### Activity
Print the data once more, exactly as given. Drop the pictures.

### Available data
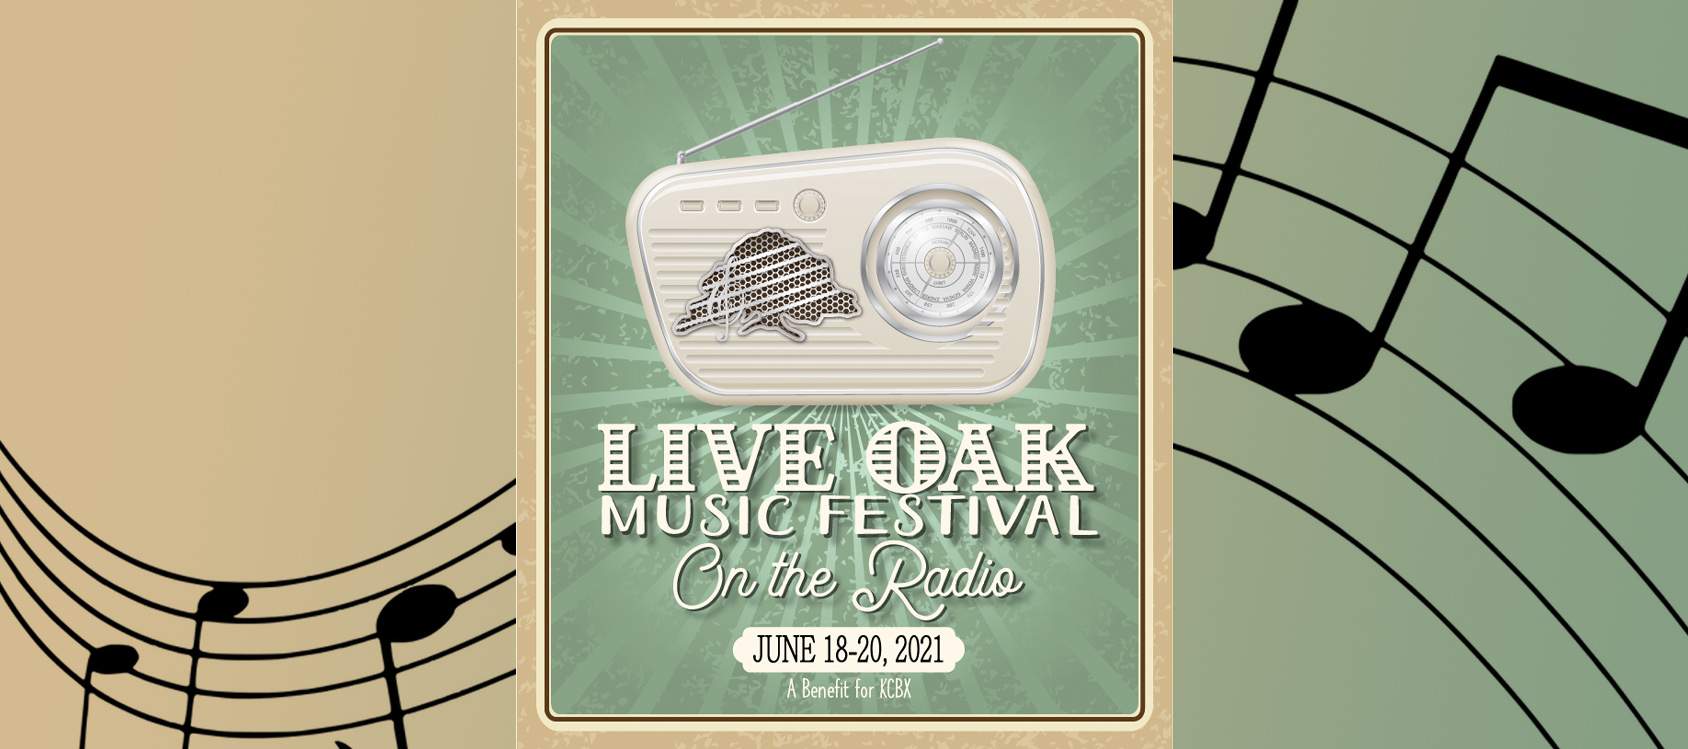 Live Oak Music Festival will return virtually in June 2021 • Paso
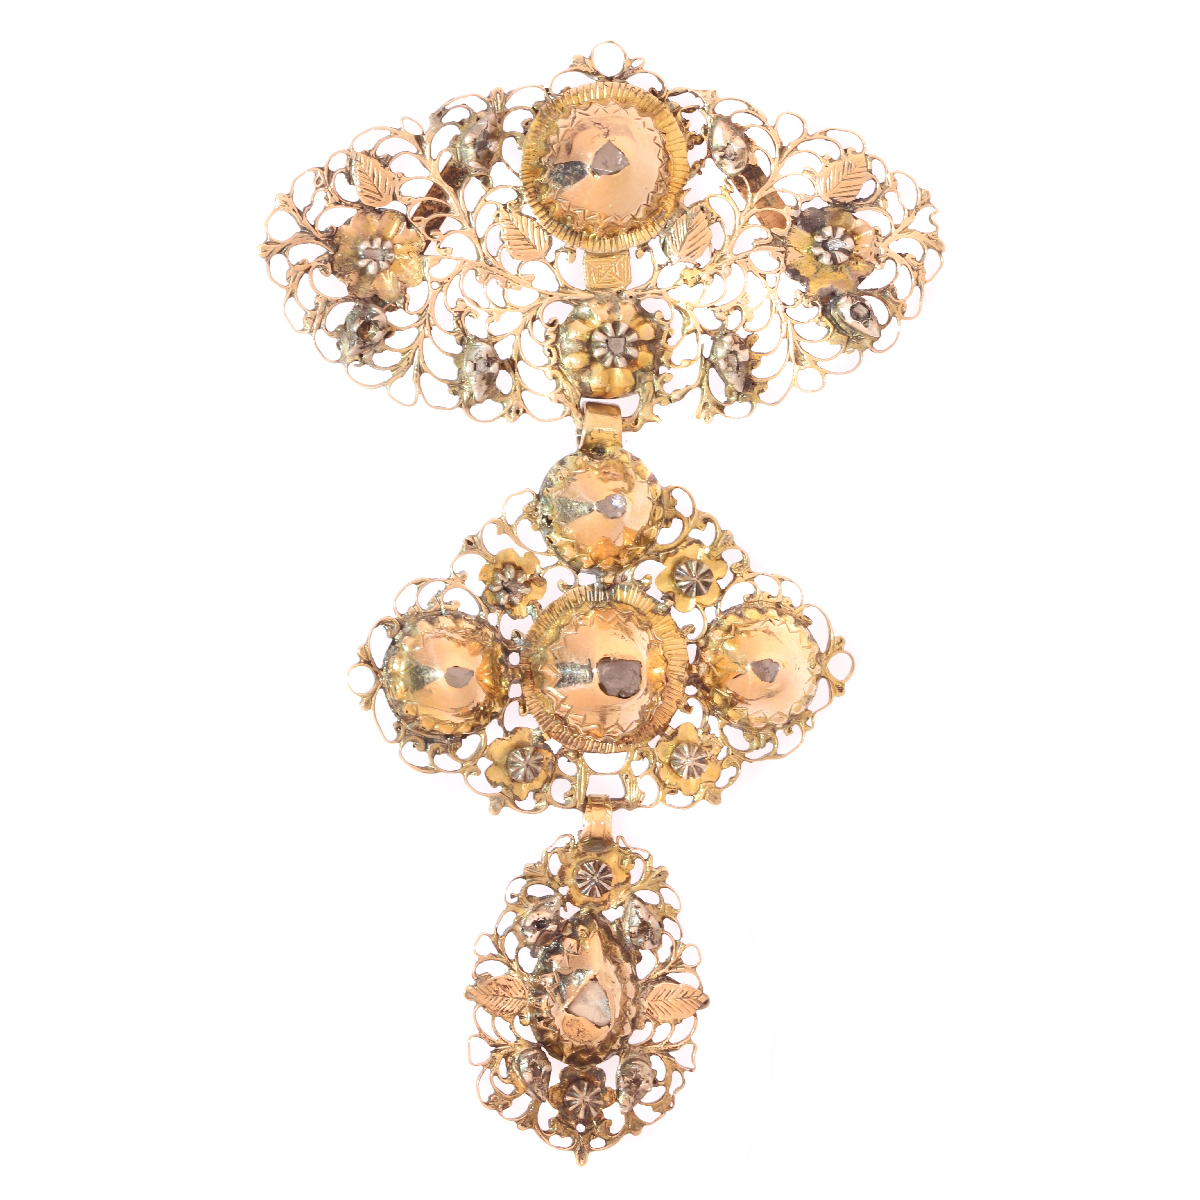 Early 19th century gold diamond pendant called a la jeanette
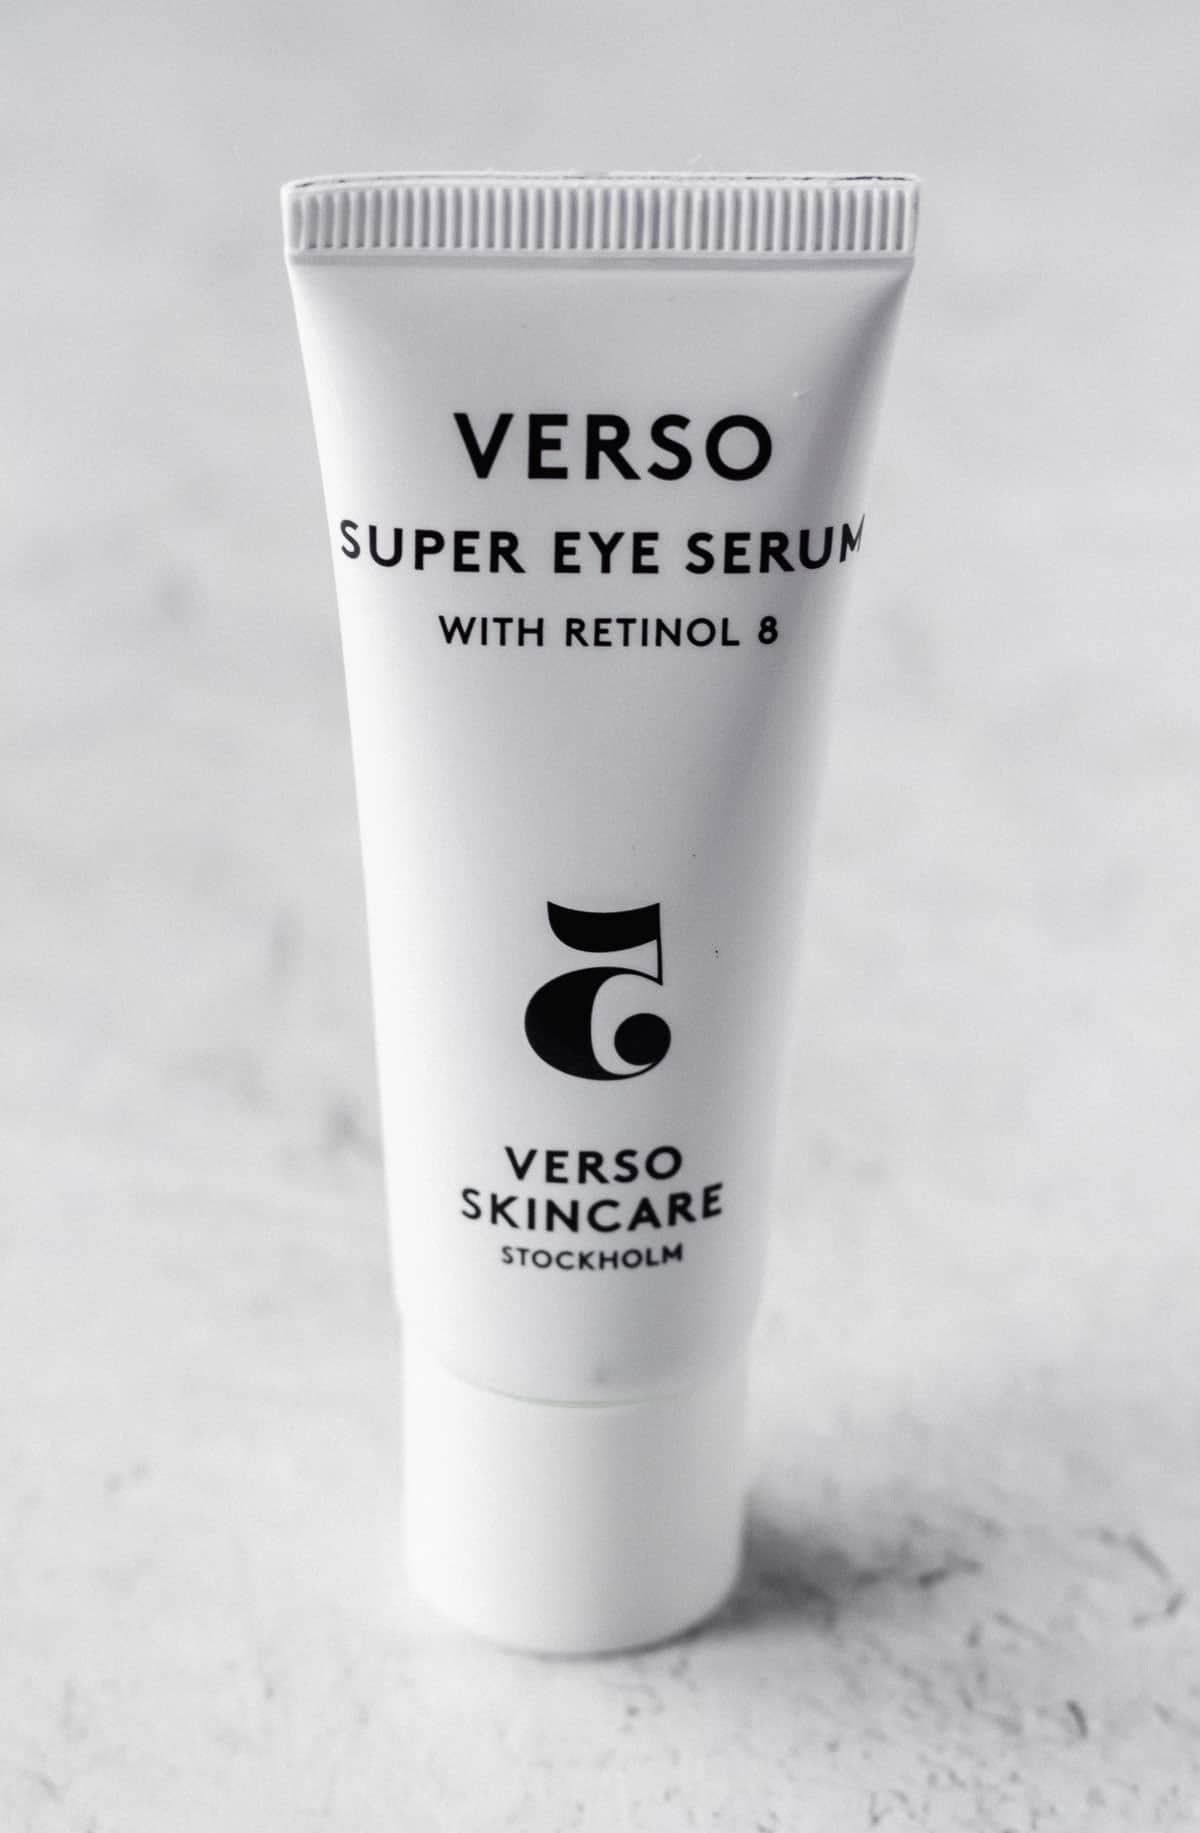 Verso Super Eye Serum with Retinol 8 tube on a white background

### Exercise output
 Live Oak Music Festival will return virtually in June 2021 • Paso
 Early 19th century gold diamond pendant called a la jeanette
 Verso Super Eye Serum with Retinol 8 tube on a white background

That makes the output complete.